**Instructions to follow:** Set down the whole listing below exactly, without pictures.
[Information shown]
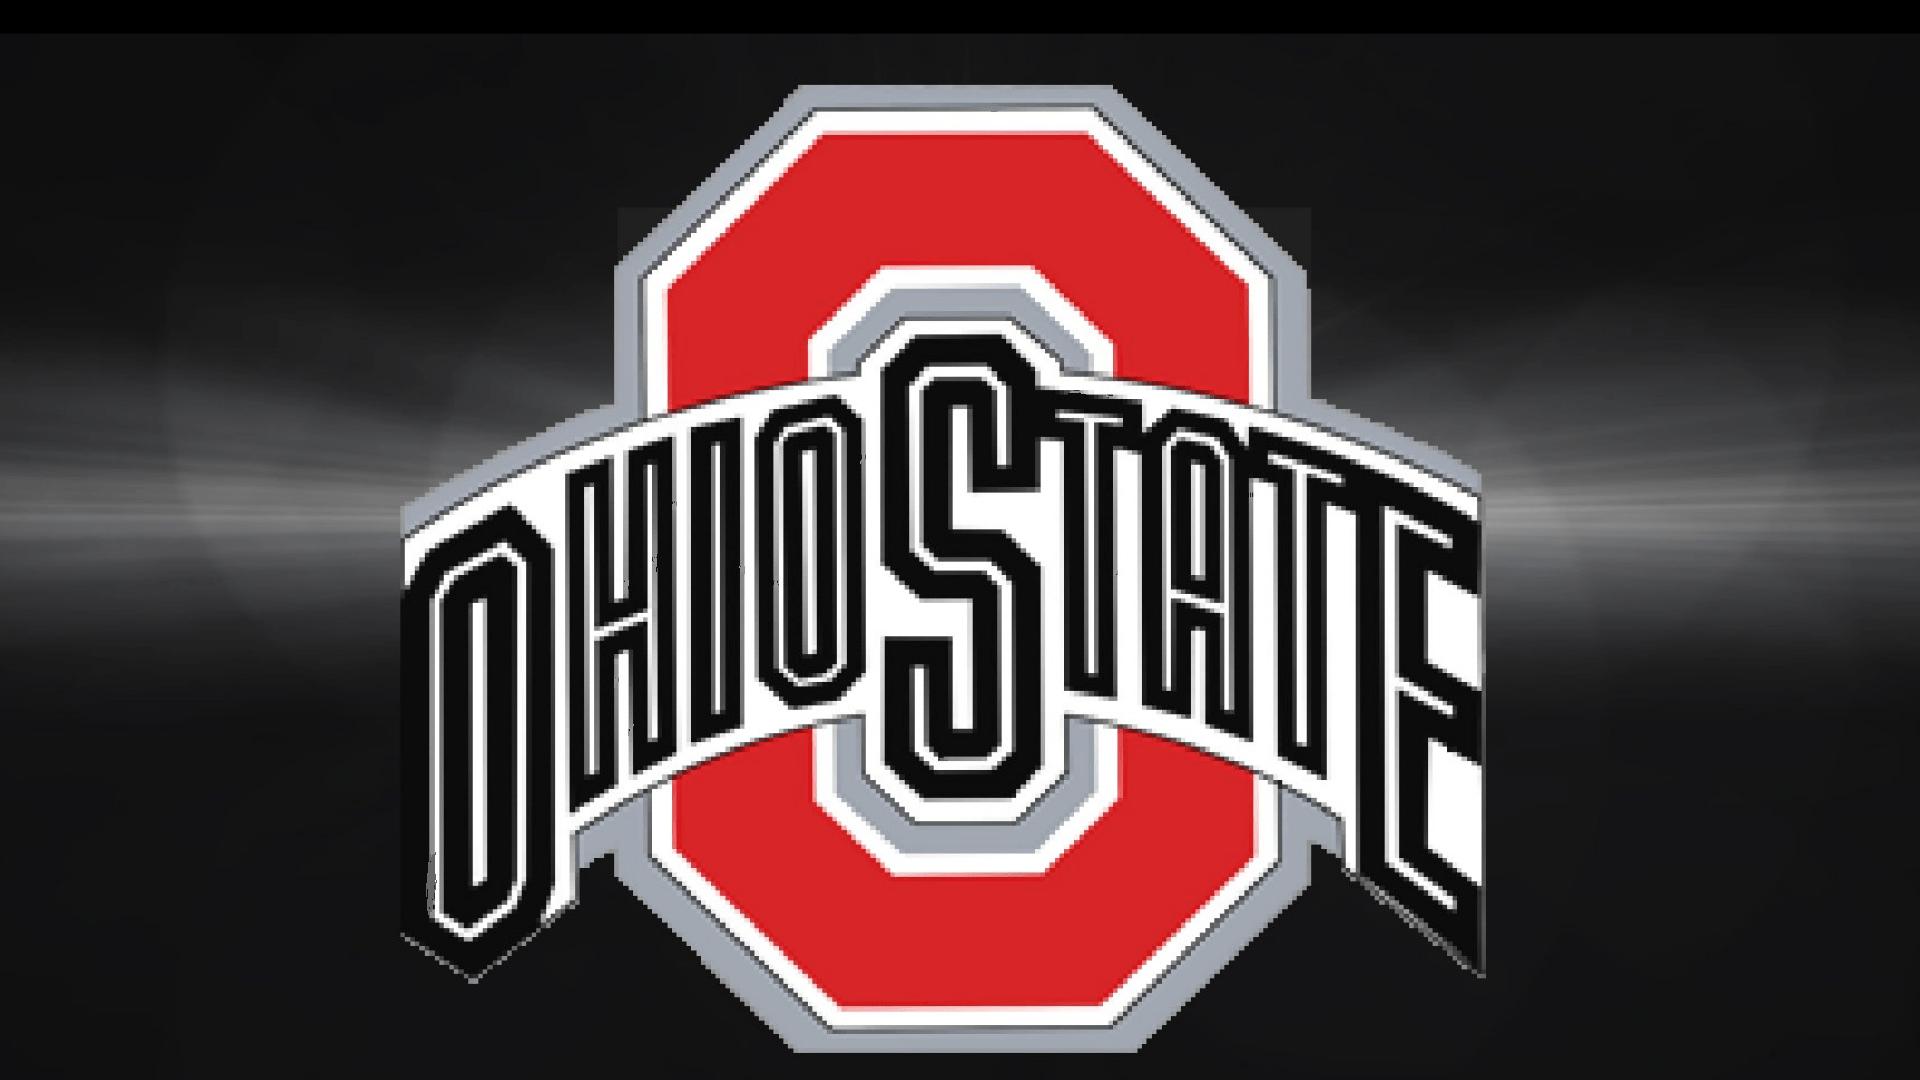 Buckeyes Ohio State
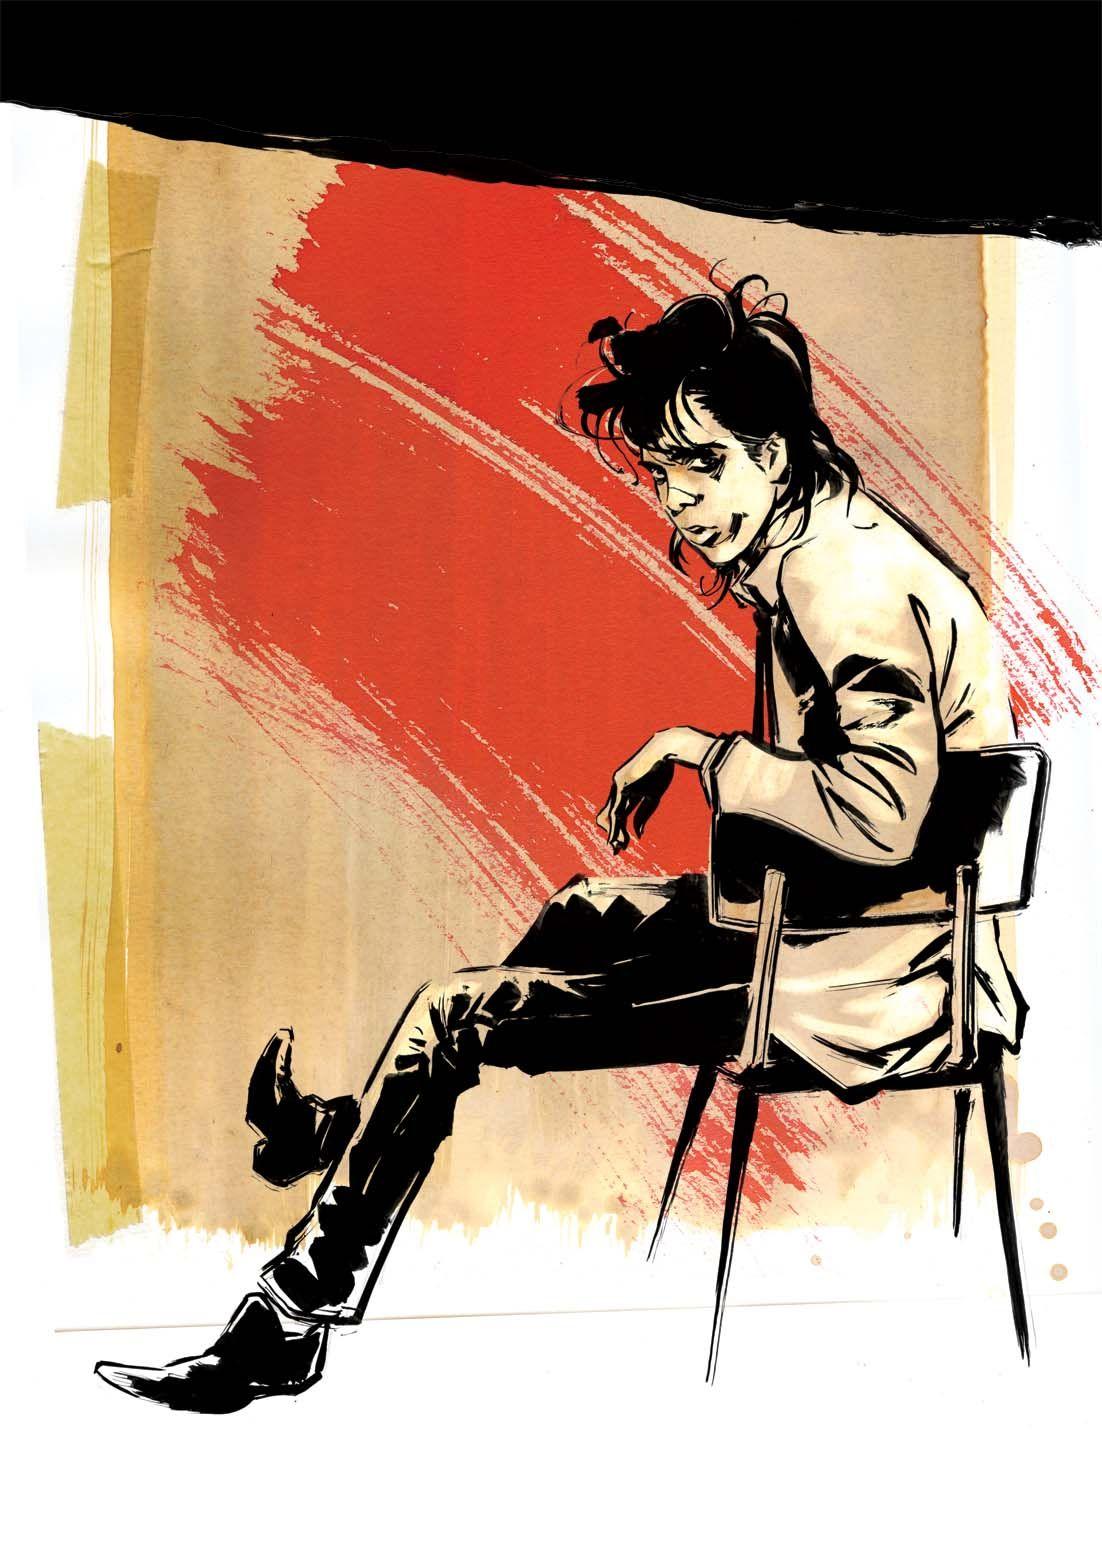 Stuhl comic  Nick-Stuhl | Comics | Pinterest | Entdecke die besten Ideen über ...
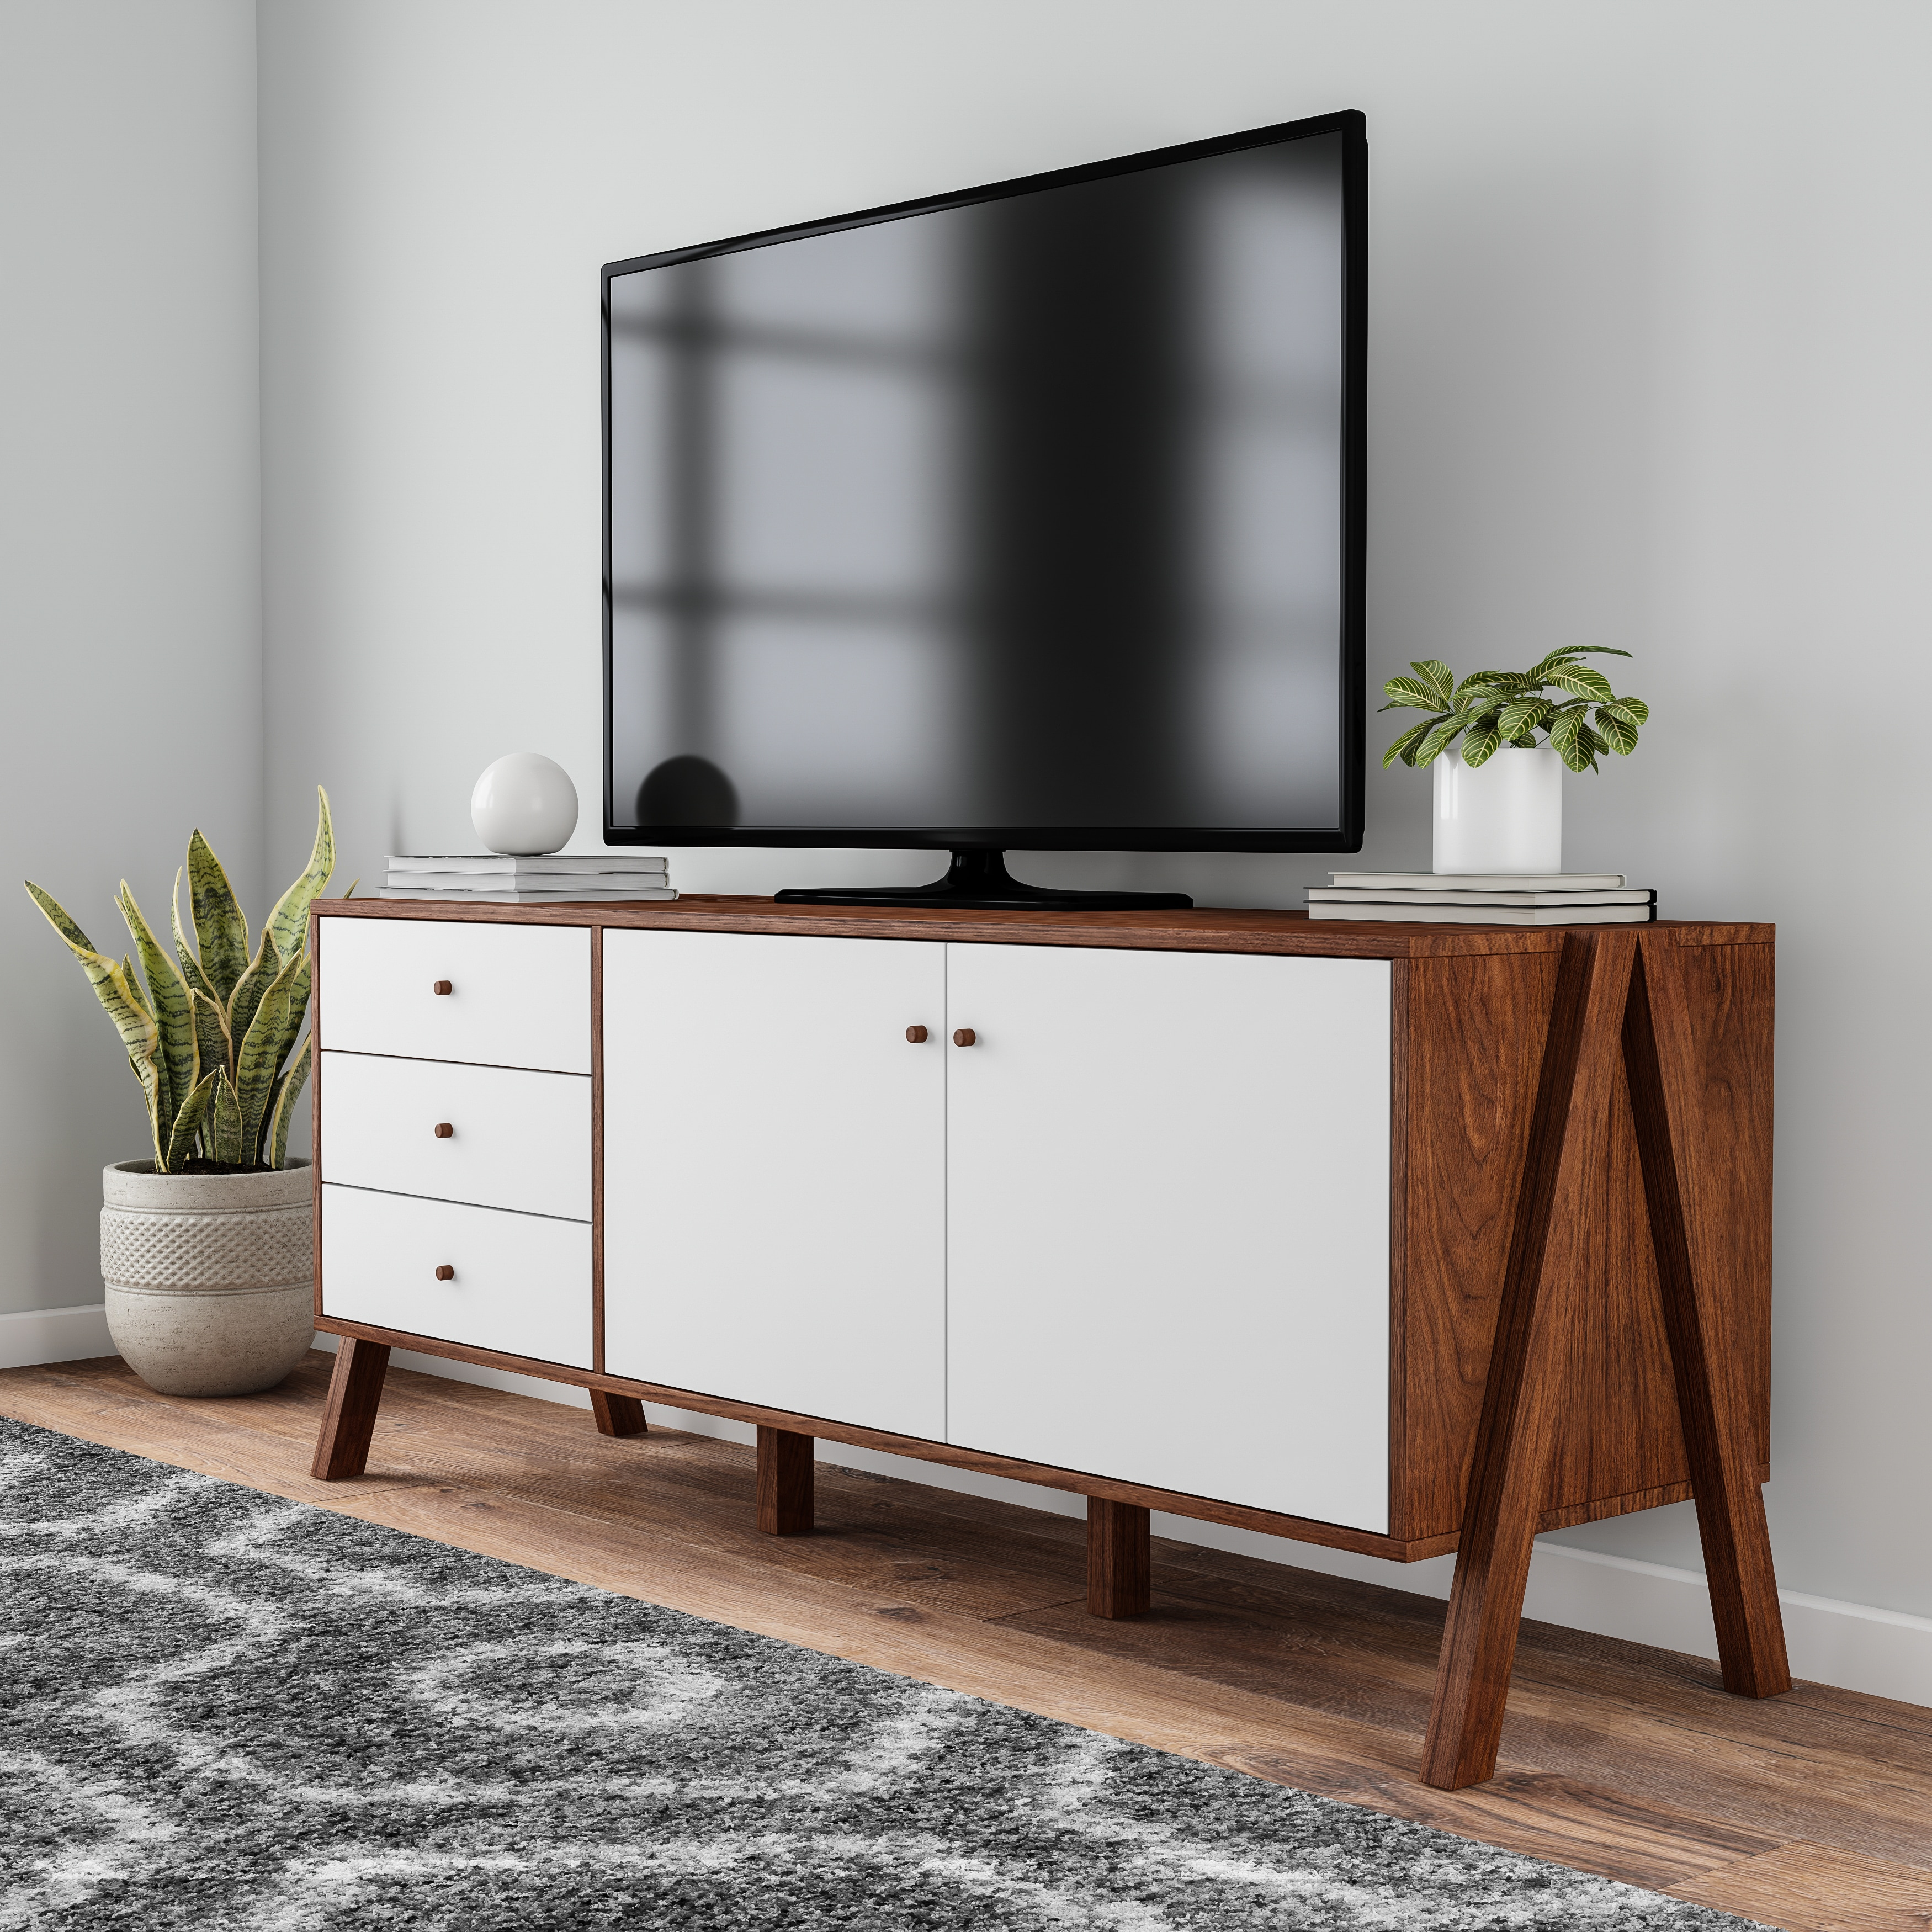 Carson carrington eskilstuna white walnut wood sideboard storage cabinet
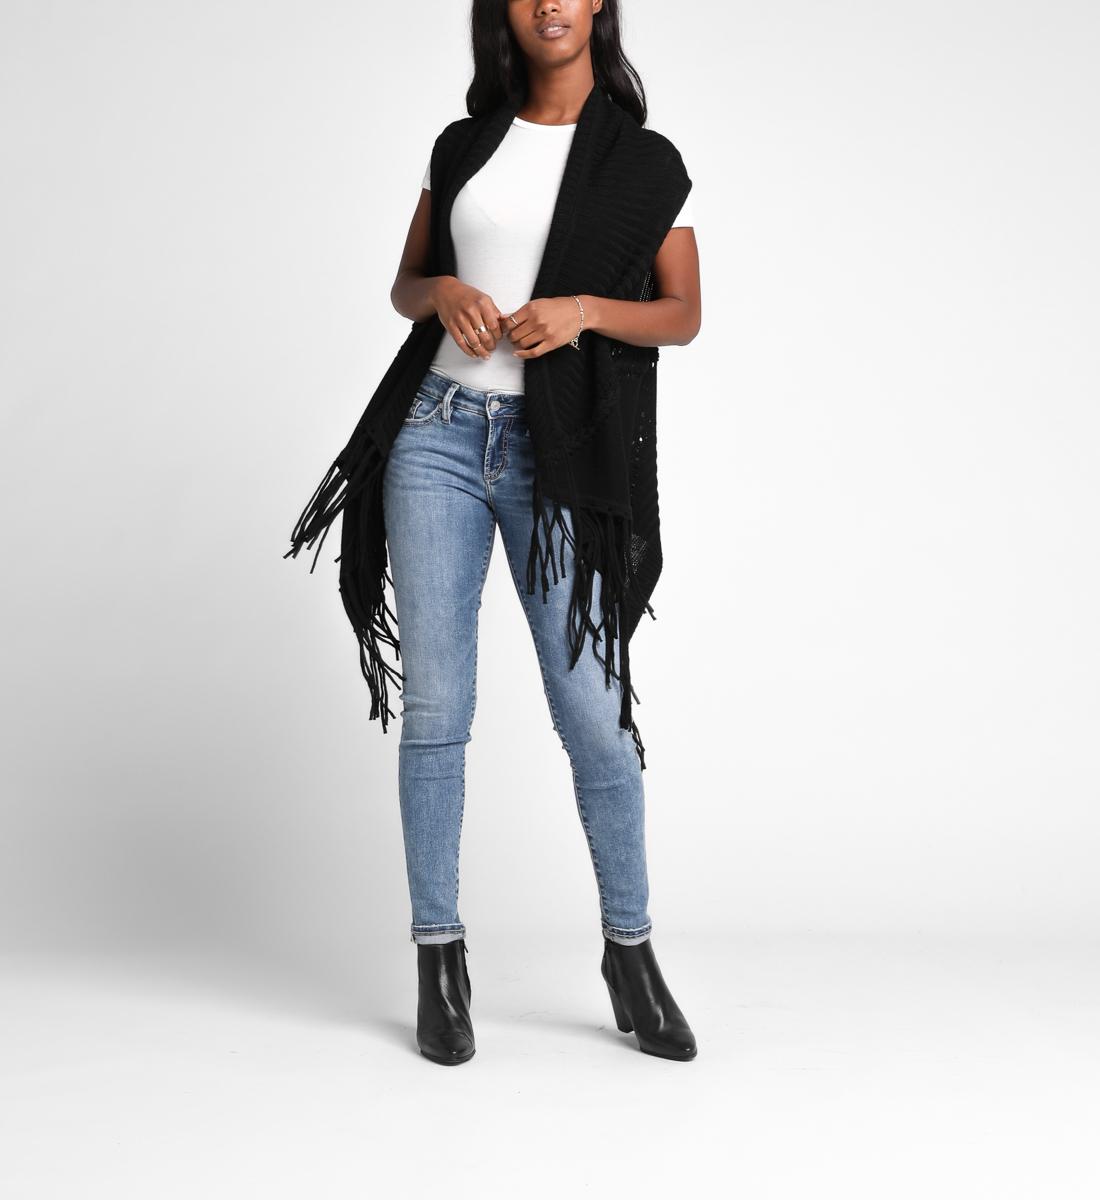 Silver Jeans Parker in Black
[/Information shown]
**Your solution:**
 Buckeyes Ohio State
 Stuhl comic  Nick-Stuhl | Comics | Pinterest | Entdecke die besten Ideen über ...
 Carson carrington eskilstuna white walnut wood sideboard storage cabinet
 Silver Jeans Parker in Black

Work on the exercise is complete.